We have previously reported the development of a Laponite® crosslinked pNIPAM-co-DMAc (L-pNIPAM-co-DMAc) hydrogel delivery system, loaded with hydroxyapatite nanoparticles (HAPna), which was capable of inducing osteogenic differentiation of mesenchymal stem cells (MSCs) without the need for additional growth factors in vitro. However to enable progression towards clinical acceptability, biocompatibility and efficacy of the L-pNIPAM-co-DMAc hydrogel to induce bone repair in vivo must be determined.

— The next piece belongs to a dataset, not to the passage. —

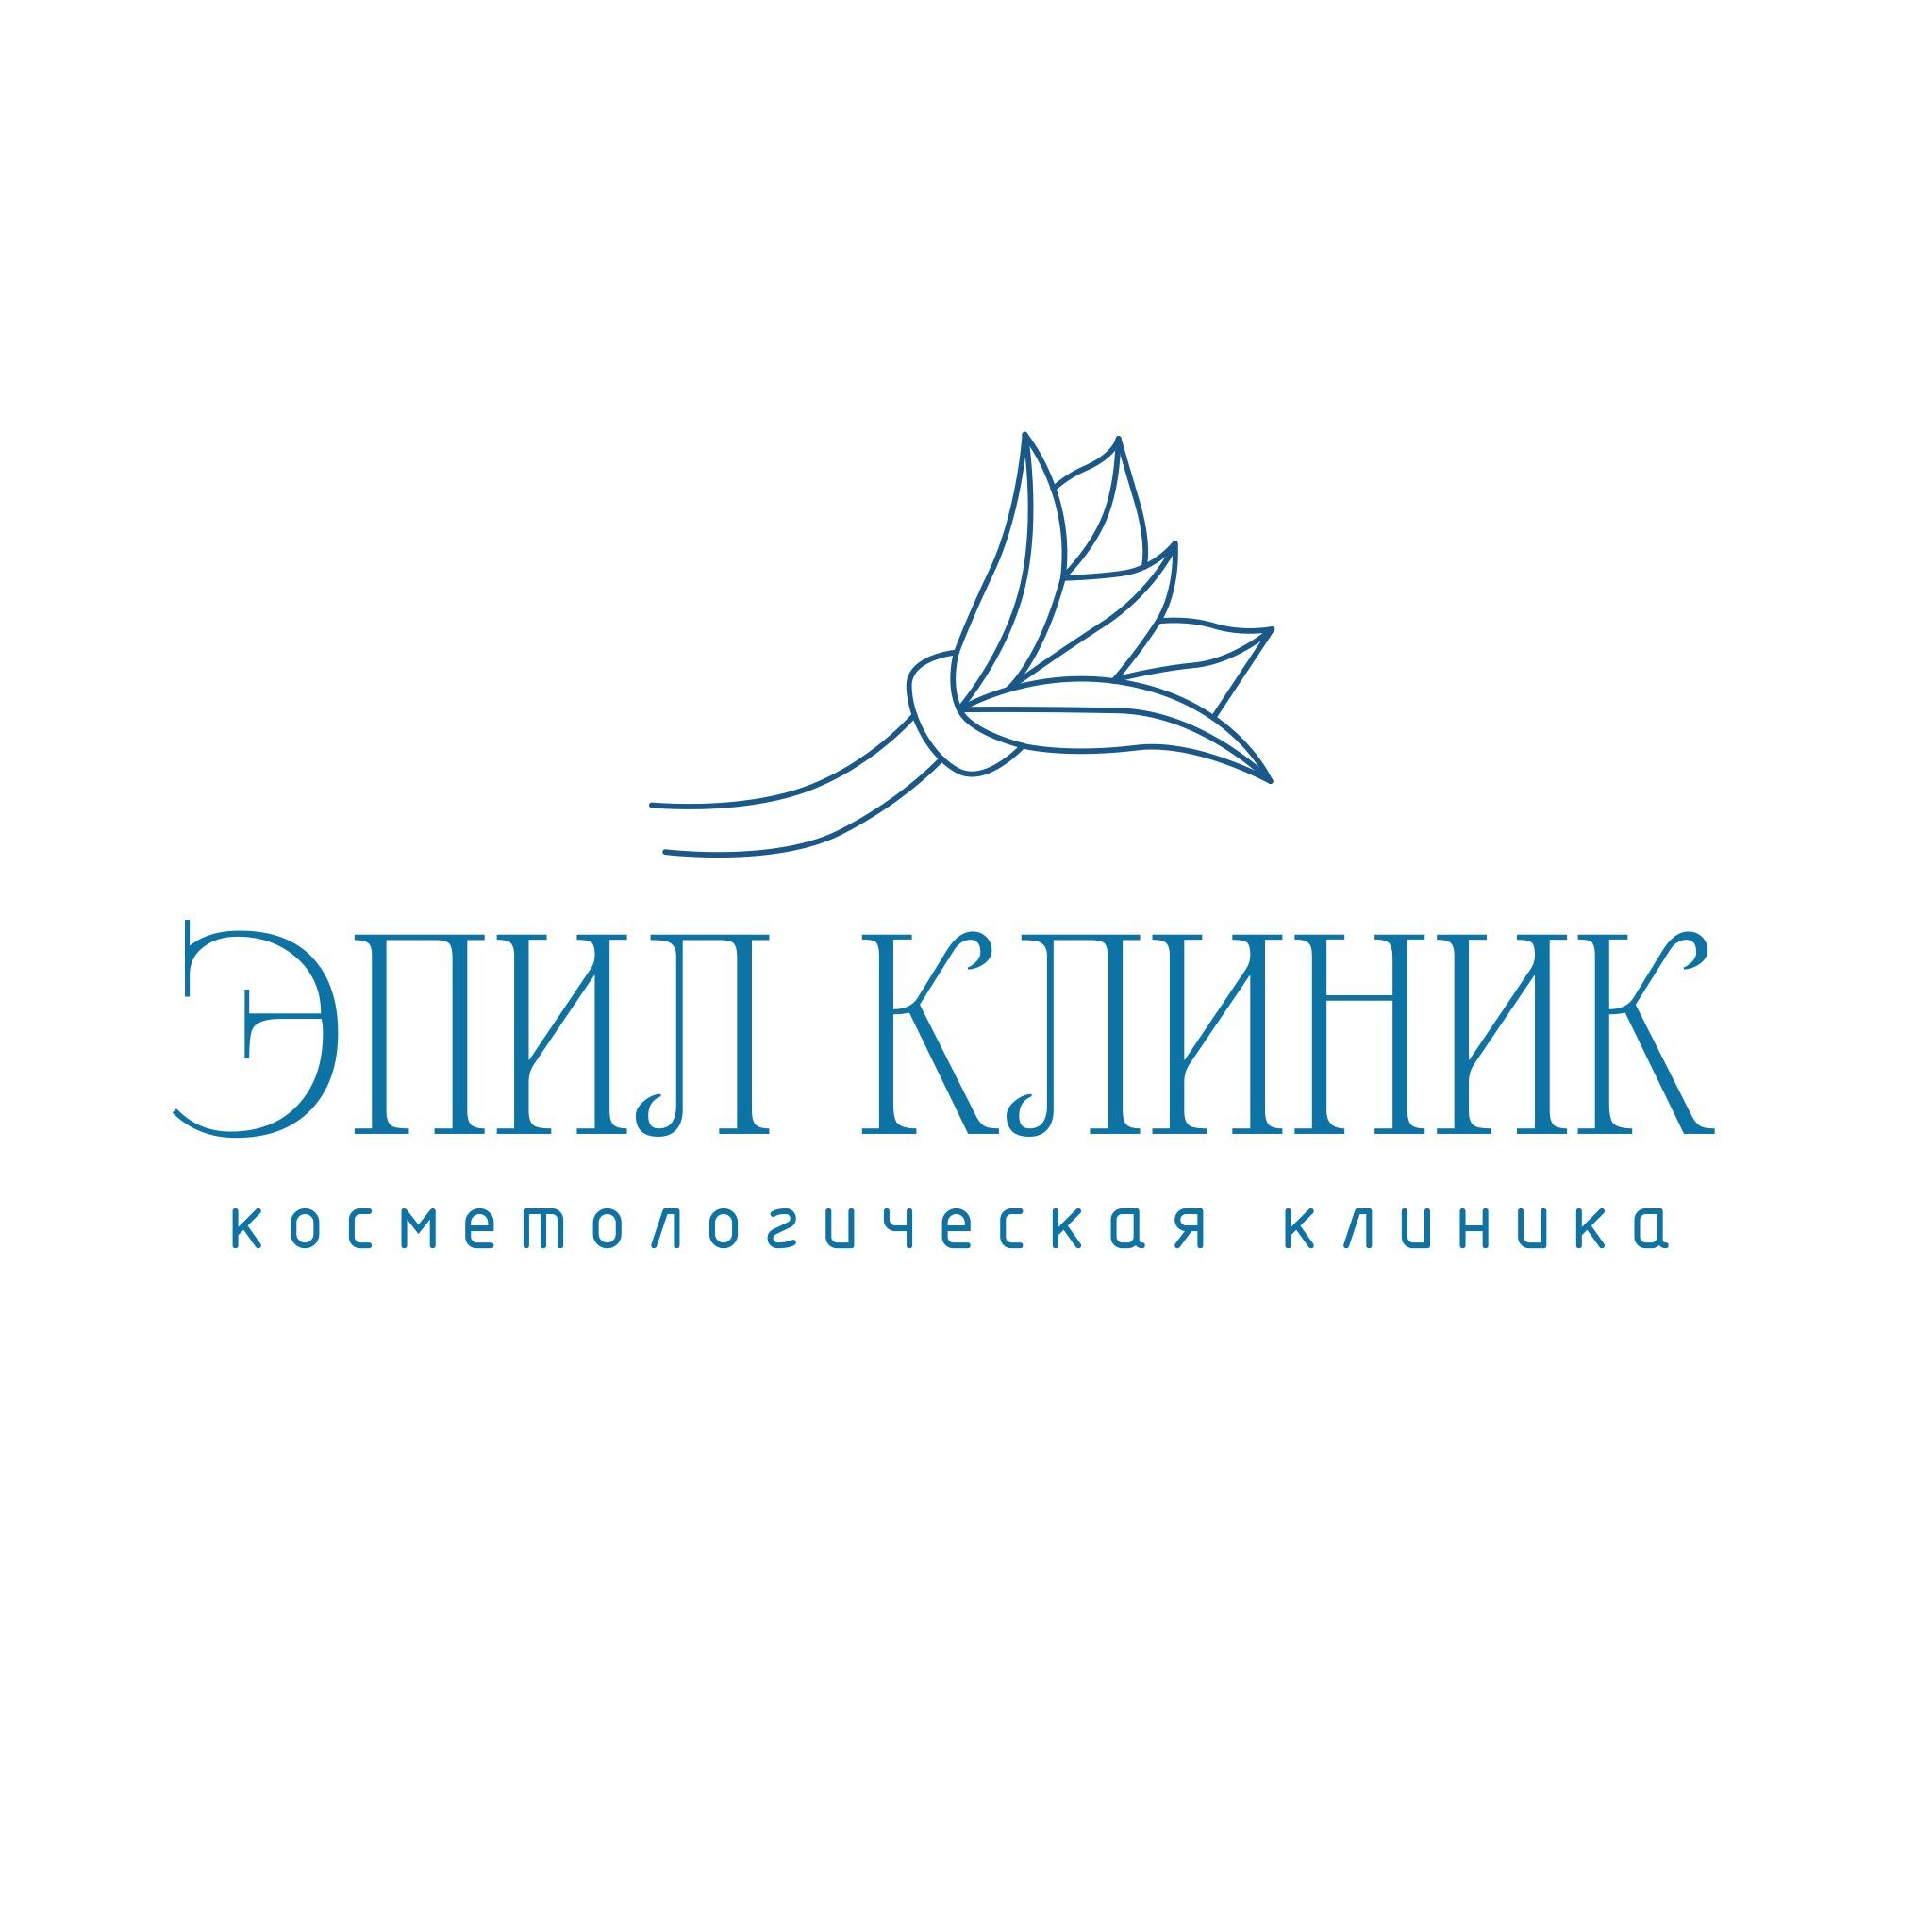 Логотип , фирменный стиль  фото f_0195e19df03e3bc6.jpg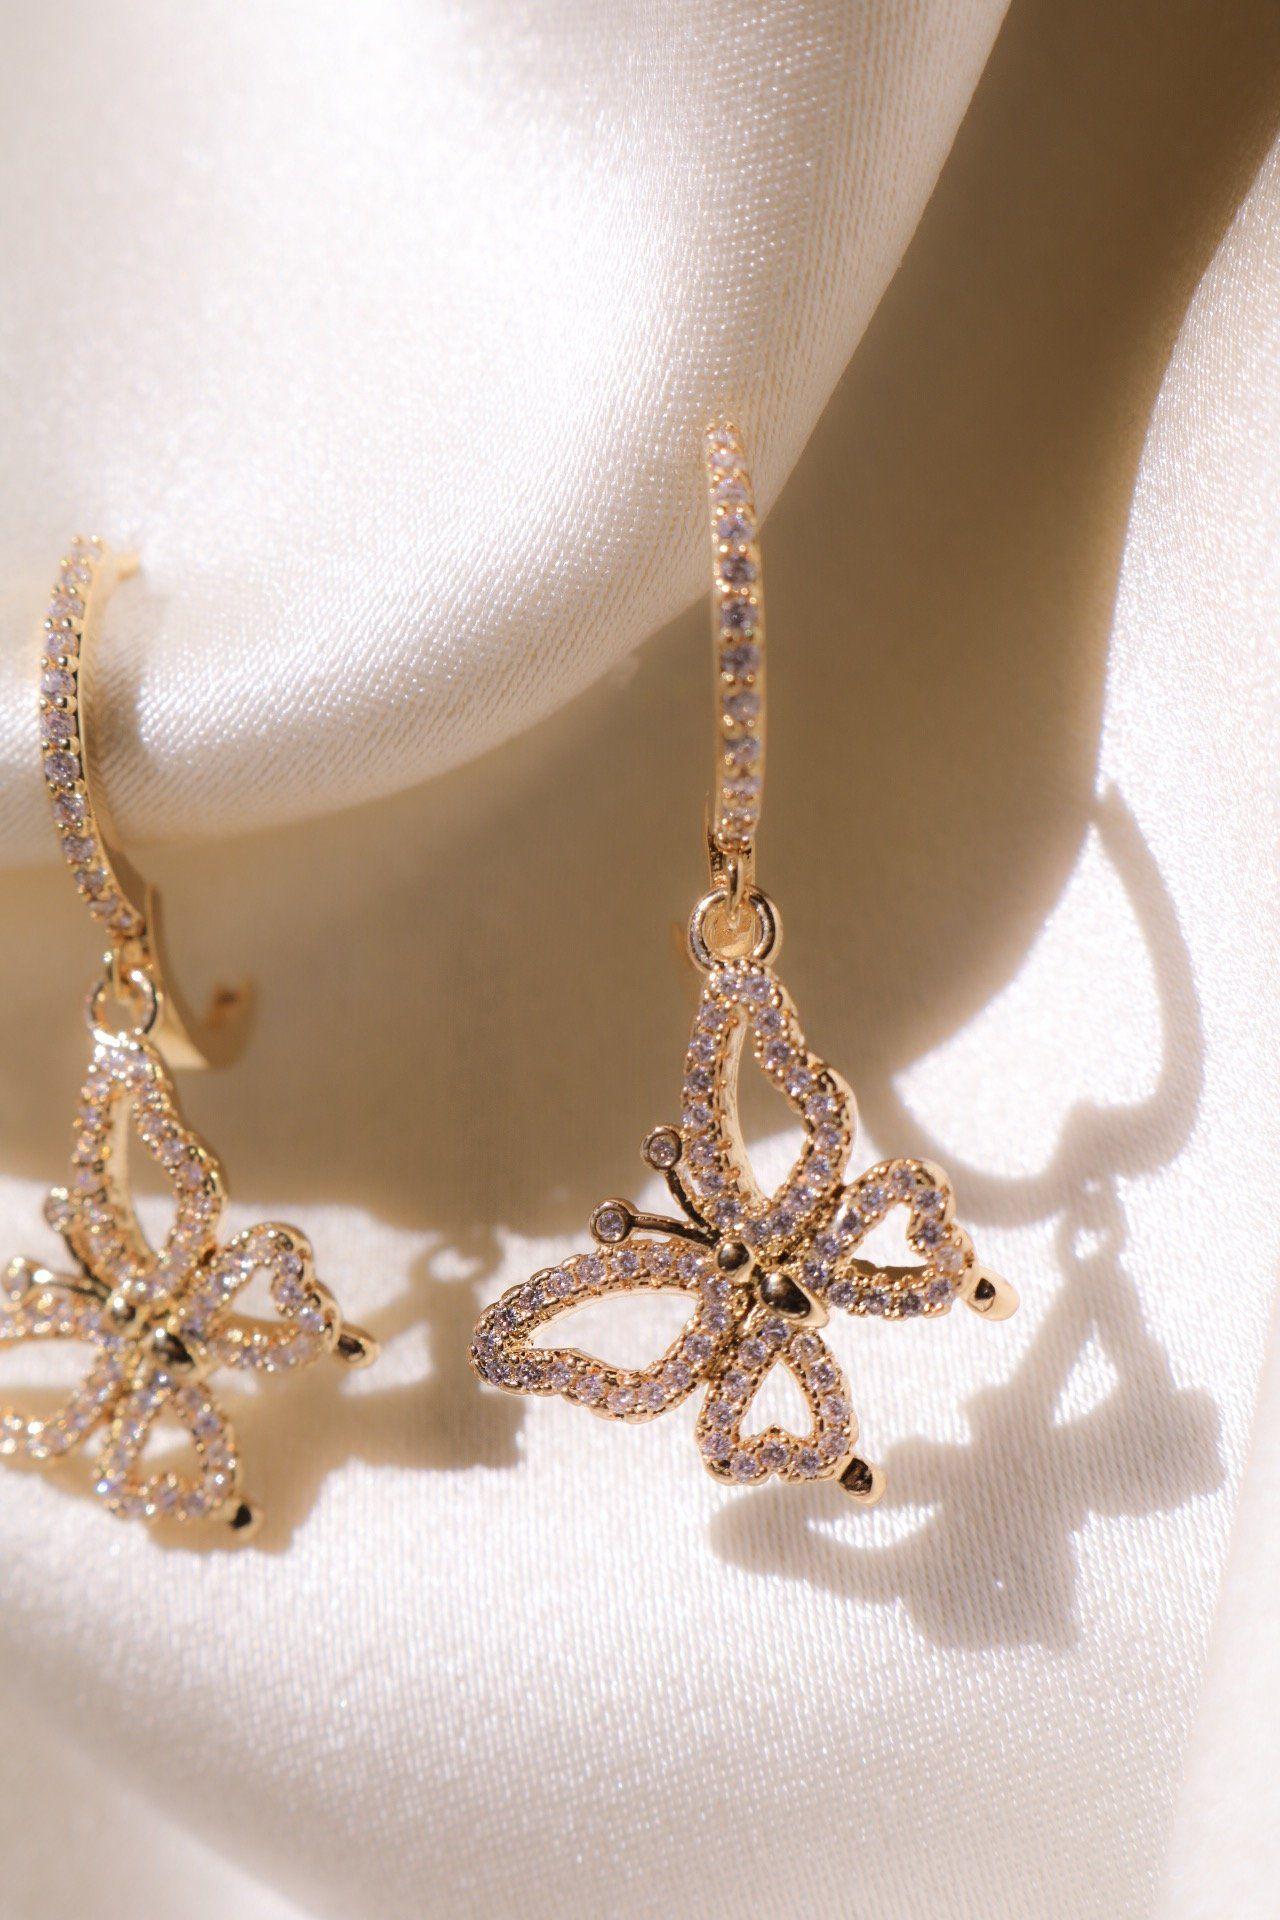 Silver 5.5mm Round Wedding Jewelry Fine Earrings Semi Mount Setting Jewelry Gift

Biocompatibility was evaluated by subcutaneous implantation for 6 weeks in rats, and efficacy to augment bone repair was evaluated within a rat femur defect model for 4 weeks. No inflammatory reactions, organ toxicity or systemic toxicity were observed. In young male rats where hydrogel was injected, defect healing was less effective than sham operated controls when rat MSCs were incorporated. Enhanced bone healing was observed however, in aged exbreeder female rats where acellular hydrogel was injected, with increased deposition of collagen type I and Runx2. Integration of the hydrogel with surrounding bone was observed without the need for delivered MSCs; native cell infiltration was also seen and bone formation was observed within all hydrogel systems investigated.
This hydrogel can be delivered directly into the target site, is biocompatible, promotes increased bone formation and facilitates migration of cells to promote integration with surrounding bone, for safe and efficacious bone repair.